Wednesday, September 07, 2011

24 hours of Le Mans – 27 August 2011

The morning was a total contrast to the day before, with brilliant sunshine. Our route to Le Mans went straight through the centre of the Loire Valley. We have visited here previously, but it is such a beautiful area, it was a pleasure to have a second visit. We decided to visit the gardens of Villandry again, as these were the highlight of our previous visit.
The gardens are laid out in a similar to the monk's gardens around their abbeys. All the vegetables are grown inside neatly ordered box hedges. Standard rose bushes around the gardens represent the monks at work. In front of the chateaux is a more formal box hedge garden, where each geometrical pattern tells a story – about love.

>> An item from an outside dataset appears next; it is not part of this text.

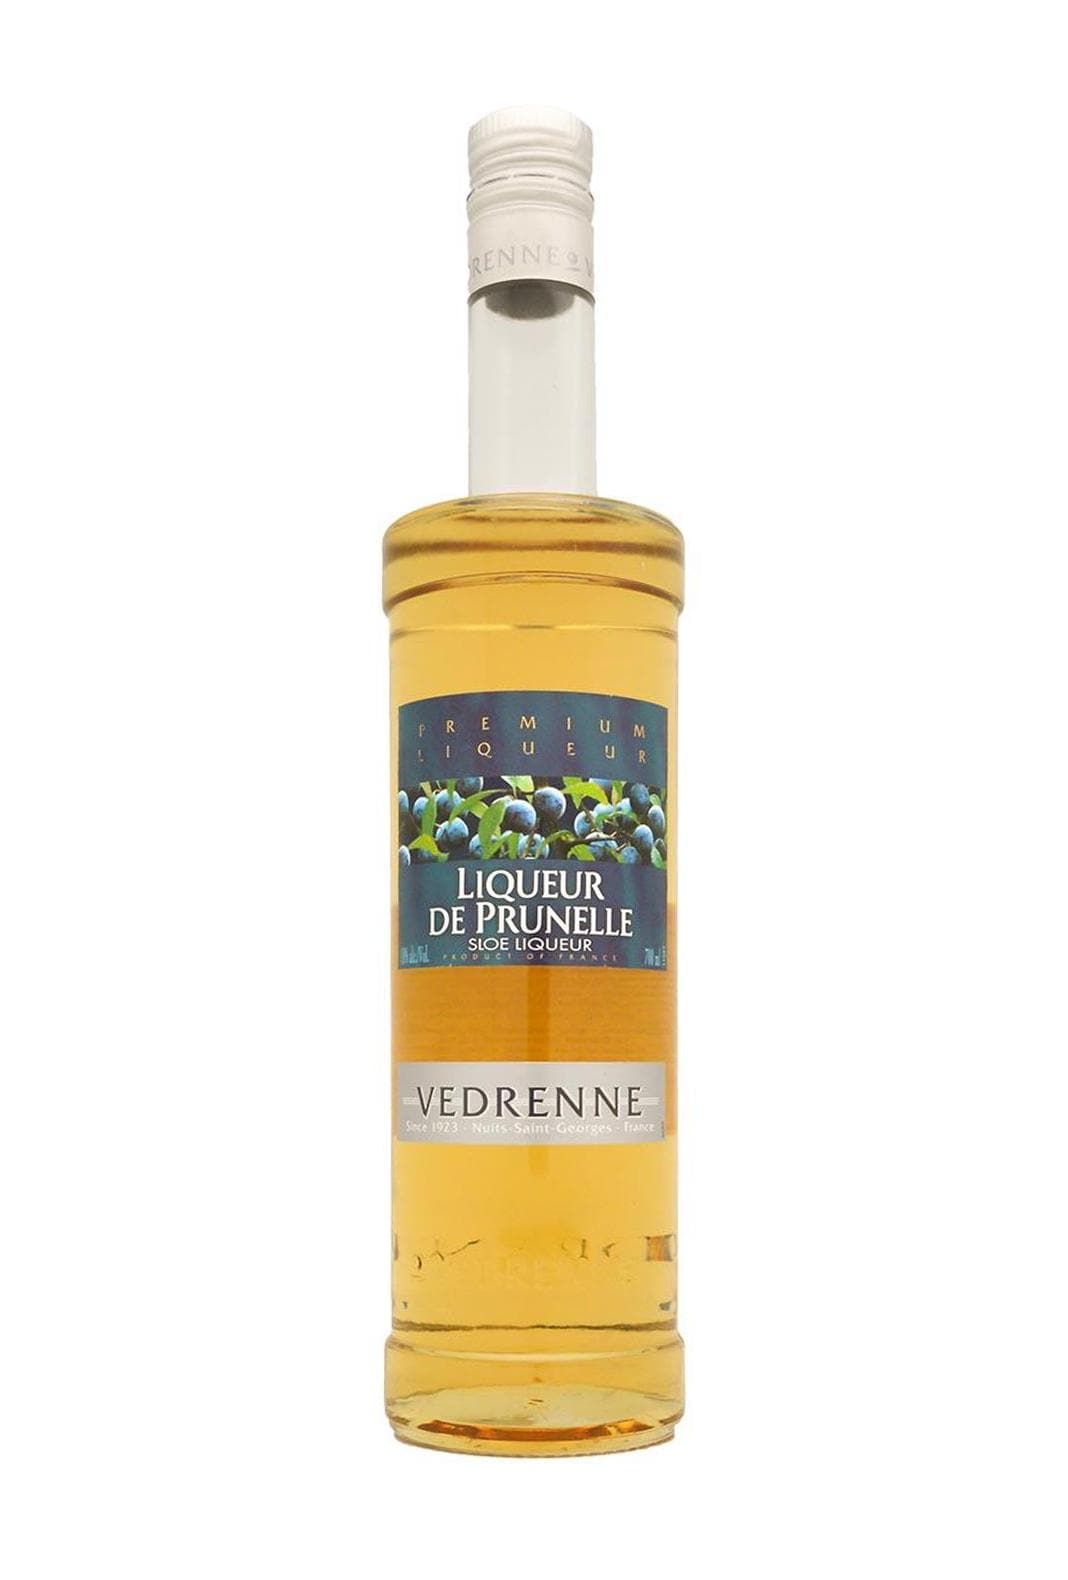 Vedrenne Liqueur de Prunelle (Sloe Berry) 18% 700m | Liqueurs | Shop online at Spirits of France
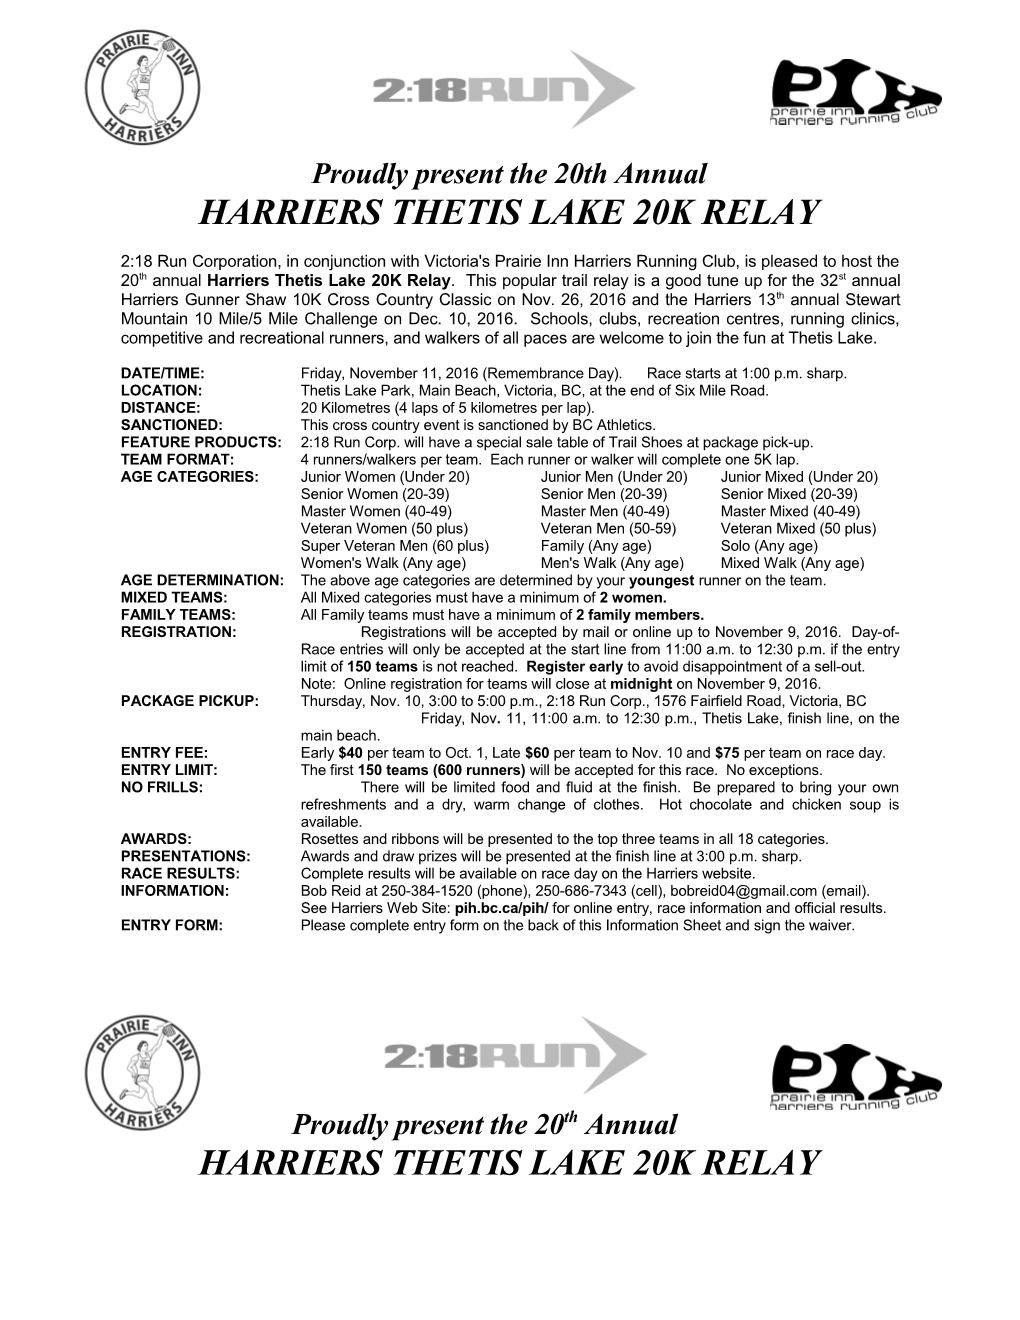 Harriers Thetis Lake 20K Relay

The grounds are extensive with more formal gardens behind, viewing platforms and a new gardens since we were last there – a sun garden full of gold, orange and yellow flowers; and a cloud garden with blue and silver flowers.

We passed a few more chateaux on our way north, before arriving at Le Mans. Murray was keen to visit the town, because of it's racing fame, but the town itself is also well worth a visit. The approach to the old town was past part of the original Roman city walls, said to be the best left in France, we were certainly impressed.
The Tourist Office staff were most helpful and gave us a map of the town, information on the 'Le Mans 24 Hour Race Circuit' and nearest camp site, 5k out of town. After admiring the old town, Cite Plantagenet, we found the campground and put up the wet shell of our tent. Unfortunately there was no food at the local village, so back to town we went.
This time, a poster on a large tower caught our eye, clearly they had buildings illuminated at night. The Tourist Office was still open, and told us it started at 9.30pm and lasted two hours. We had not paid the €20 deposit for a barrier pass at the campground, as we had expected to be home well before then, as we still had to finish setting up camp.
So while Christine researched the restaurant menus and made a selection, Murray went back to get a barrier pass. The office was most unhelpful and refused him one, saying the gate was locked at 10pm and a key did not allow entry. He tried to explain about the illuminations, but they couldn't/wouldn't understand.

Murray retuned empty handed and we set off for dinner, with the curfew time of 10pm to work to. By having time to research, we were able to avoid the obvious tourist traps, and found a small restaurant tucked away, with a good looking menu and much more reasonably priced than the tourist traps. It turned out to be another gourmet highlight. We explained our time constraint to the waiter, and he was extremely helpful in making sure we left in time. Our car was parked in front of the cathedral, so we were able to watch 5 minutes of illuminations there, before heading back to the camp ground.

As is always the way, when under pressure, we missed a turning, found the alternative road had a 'route barree' sign, then took a long way round that and got back about two minutes to ten. With the car in front of the barrier arm, there was no movement of the barrier, the office was closed, so no help there, a barrier card was clearly required for access.
We needed the car beside the tent to pump up the air-bed, so took the only option we had – manually, the barrier would lift up about 100mm, this was enough for our low sports car to sneak underneath! There are times when a lack of French can prove a problem! We discovered that at 10 pm, actual metal gates closed across the driveway, effectively locking the drive to all, including card-holders. But why she refused to sell a card, when she was about to close the office at 7.30pm, and Murray was obviously going out, is a mystery!